Despite the tremendous cost of opposing Hitler, many Germans did oppose and resist Nazi ideology and Hitler in some-way. Many of these people are lost to history. As soon as Hitler assumed power, he was ruthless in rounding up political opponents and putting them in concentration camps. These are some of the more famous opponents who resisted Hitler and the Nazi ideology.
Dietrich Bonhoeffer (1906 – 1945 ) was a Lutheran Pastor who was an influential critic of Hitler and Nazism, executed in 1945. He publically spoke against the Nazi policy of euthanasia and the murder of Jews. He was executed in a Nazi concentration camp, shortly before the end of the war.
Sophie and Hans Scholl (1921/ 1918 -1943) – The Scholls opposed the Nazi ideology of Hitler’s Germany and distributed anti-Nazi propaganda to students in Munich. Both were executed for high treason.
Bernhard Lichtenberg (1875 – 1943) A Roman Catholic Priest who condemned the Nazi policy towards Jews and the policy of euthanasia (killing disabled people). He was warned his activities could see him arrested, but he continued to speak out against Nazi policy. He died in transit to Dachau concentration camp in 1943.

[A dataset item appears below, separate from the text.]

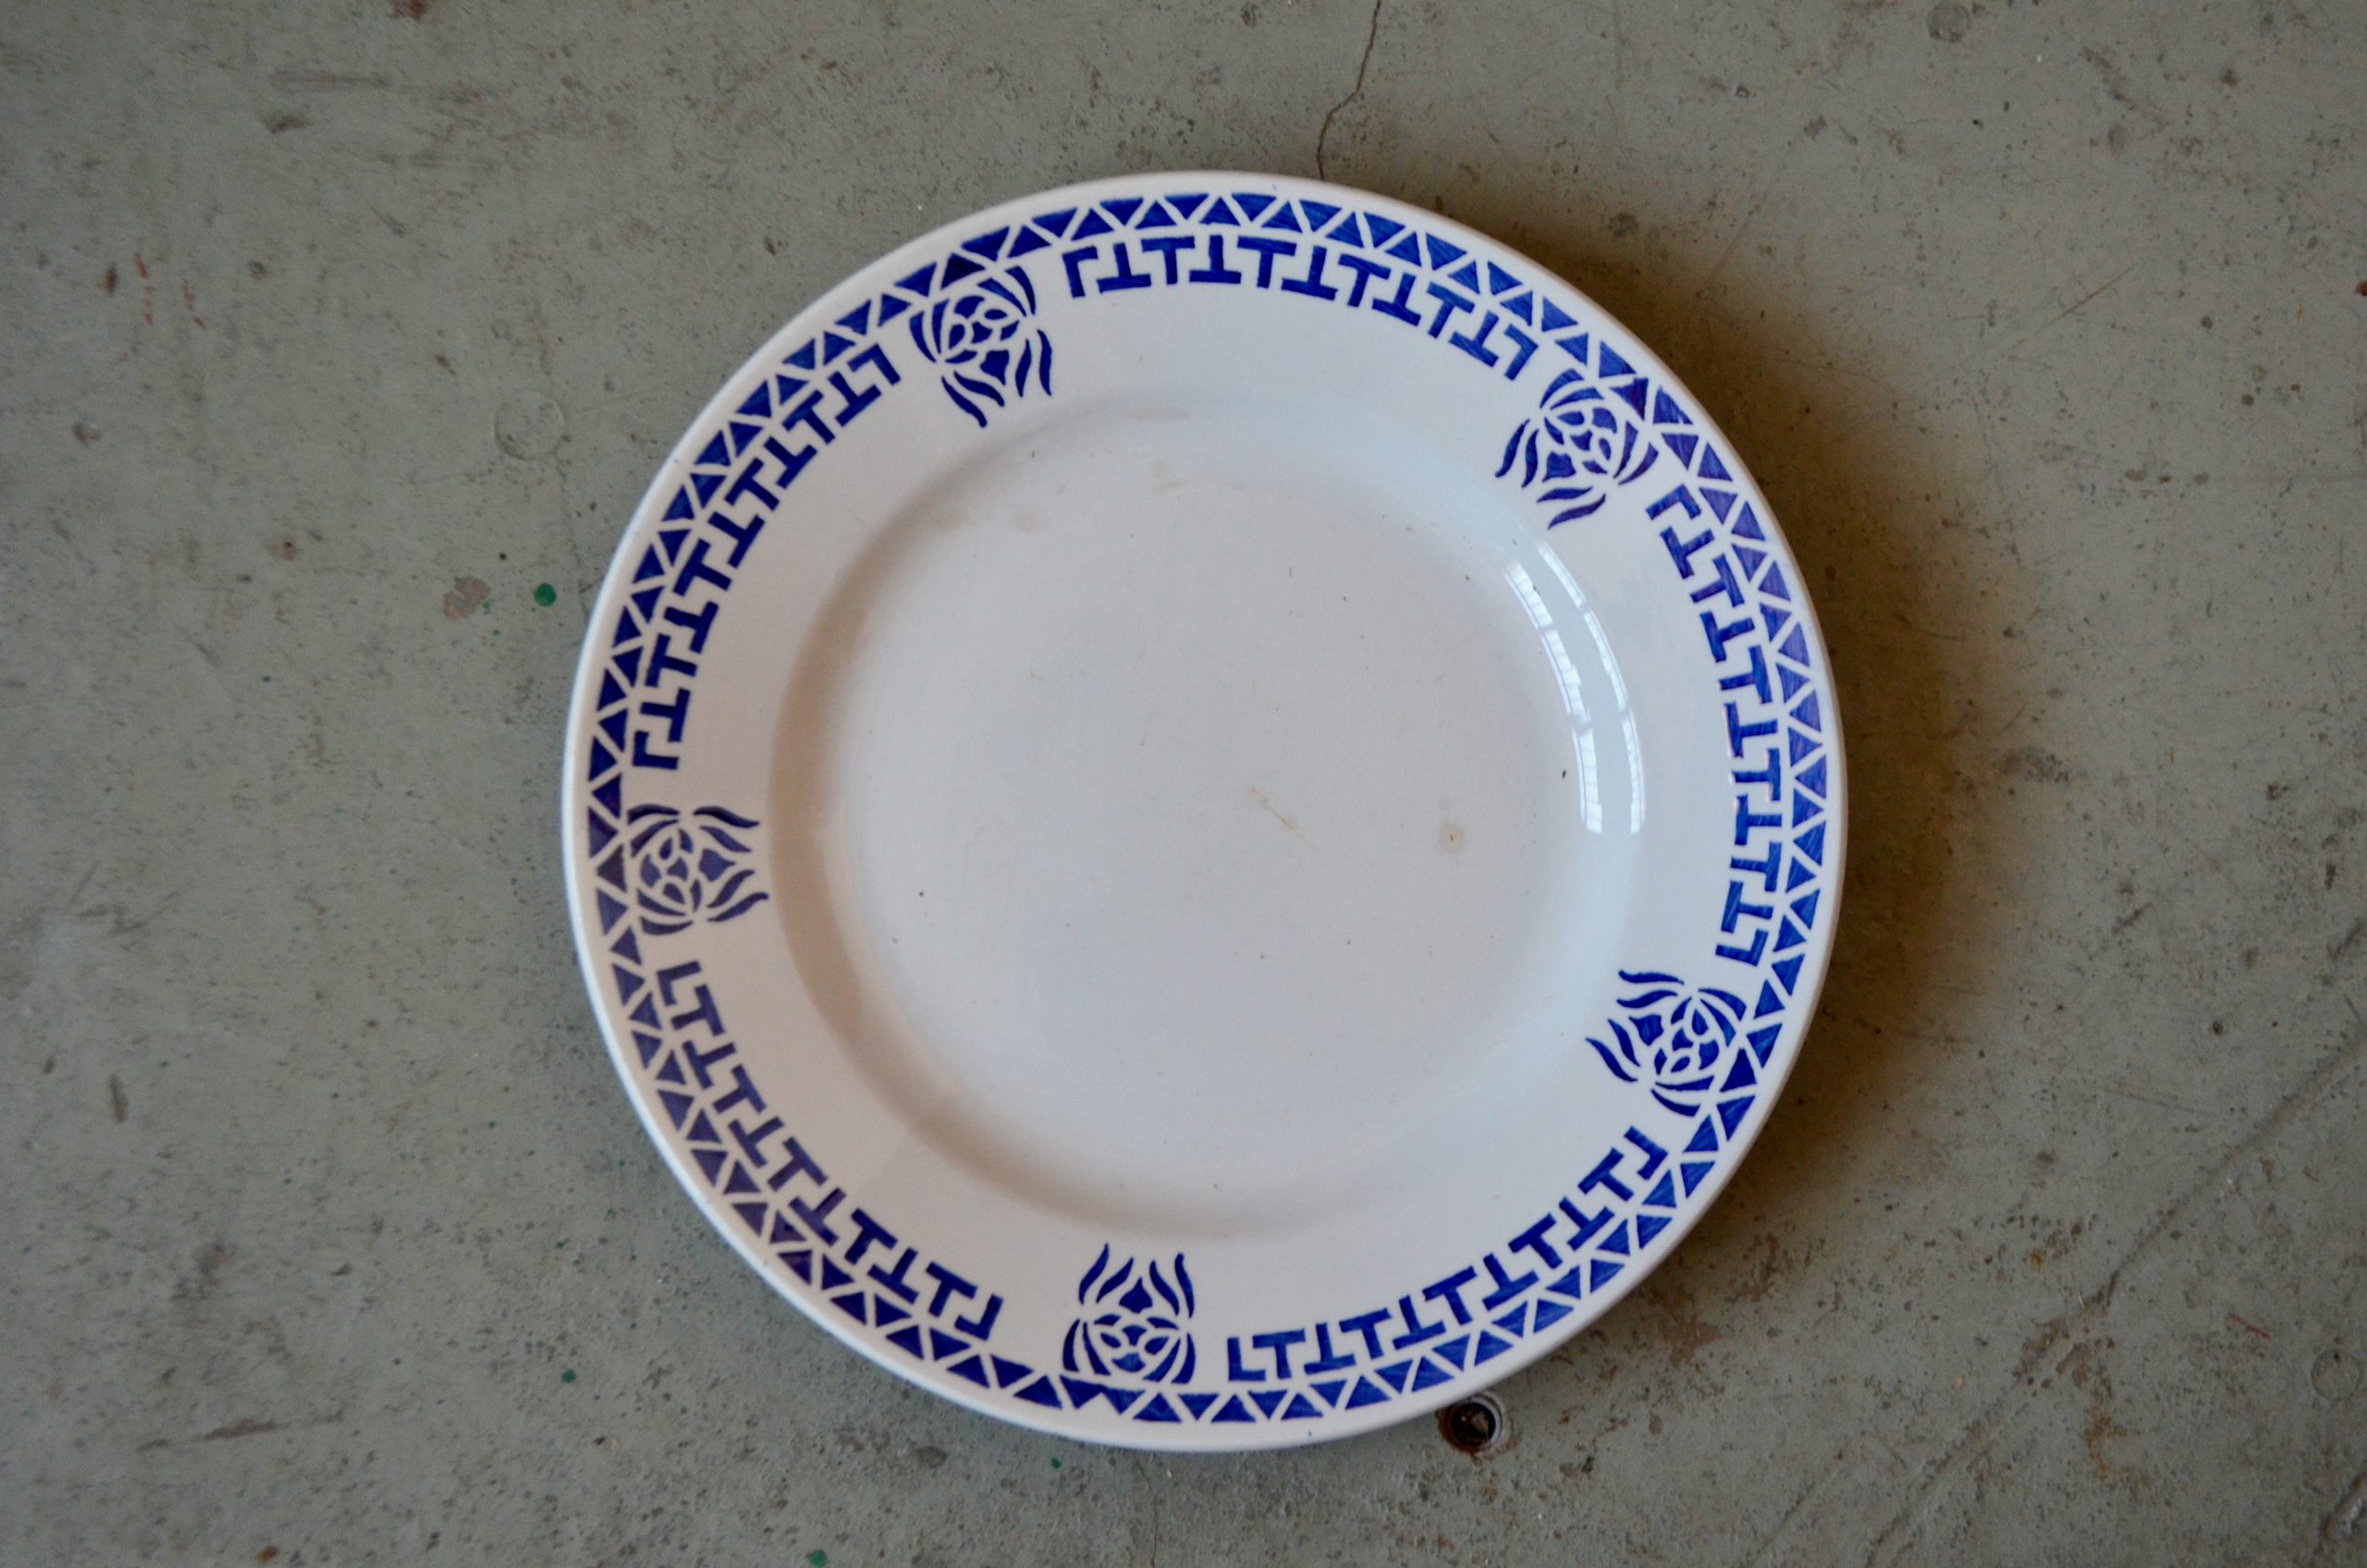 Voici une jolie série d'assiettes du service "Passy"  de la faïencerie de Longwy.  Elles datent de la première moitié du 20ème siècle et sont délicieusement bohèmes. De jolis motifs géométriques bleus roi viennent décorer les assiettes.

Alfred Delp ( 1907 – 1945) A Jesuit priest who organised the Kreisau Circle resistance group. He secretly helped Jews escape to Switzerland. He was active in the circle of those resisting Nazi ideology. After the 1944, July bomb plot he was arrested and later executed.
Claus von Stauffenberg (1907 – 1944) An aristocratic German officer, Stauffenberg was a principal member of the resistance to Hitler within the Wehrmacht. He led the unsuccessful July 1944 bomb plot against Hitler and was shot soon after.

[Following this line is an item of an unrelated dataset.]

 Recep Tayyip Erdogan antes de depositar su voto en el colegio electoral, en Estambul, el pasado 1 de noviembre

Wilhelm Franz Canaris (1887 – 1945) Head of the German Abwher, Canaris was a long-term opponent of Hitler’s rule. He promoted resistance and tried to work with the Allies to bring about Hitler’s downfall. Arrested and executed after the failed July plot.
Martin Niemöller (1892 – 1984) Lutheran pastor and anti-nazi theologian. A founder of the Confessional church which sought to reject the Nazification of churches. He opposed the idea of Aryan supremacy. For his opposition to Nazi ideology, he was imprisoned in concentration camps until the end of the war.
Heinz Harro Schulze-Boysen (2 September 1909 – 22 December 1942) A member of the Luftwaffe, Boysen was a leading member of an anti-fascist group in the German military. He tried to send radio signals to Russia warning them of the German invasion and sharing military secrets. He was arrested and executed in 1942.
Herbert Baum (1912 – 1942) German Jewish Communist. He was a member of the Young Communist League of Germany. He distributed anti-Nazi leaflets and organised resistance to Nazism. In 1942, he organised an attack on a propaganda exhibition by J.Goebbels. He was later arrested and tortured to death.
Franz Jägerstätter (1907 — 1943) An Austrian conscientious objector, who refused to serve in Hitler’s army on the grounds that he refused to fight for evil. A committed Catholic, he felt it was his duty to reject the authority of the Nazi’s because of their beliefs. Executed for his refusal to serve.
Oskar Schindler (1908 – 1974) An ethnic German who joined the Abwehr and later Nazi party. Sensing an opportunity to make money and bought a factory in occupied Poland. But, he used his connections and his own money to successfully protect over 1,000 Jews who were employed in his factory. This included spending all his money to bribe SS guards to save his workers.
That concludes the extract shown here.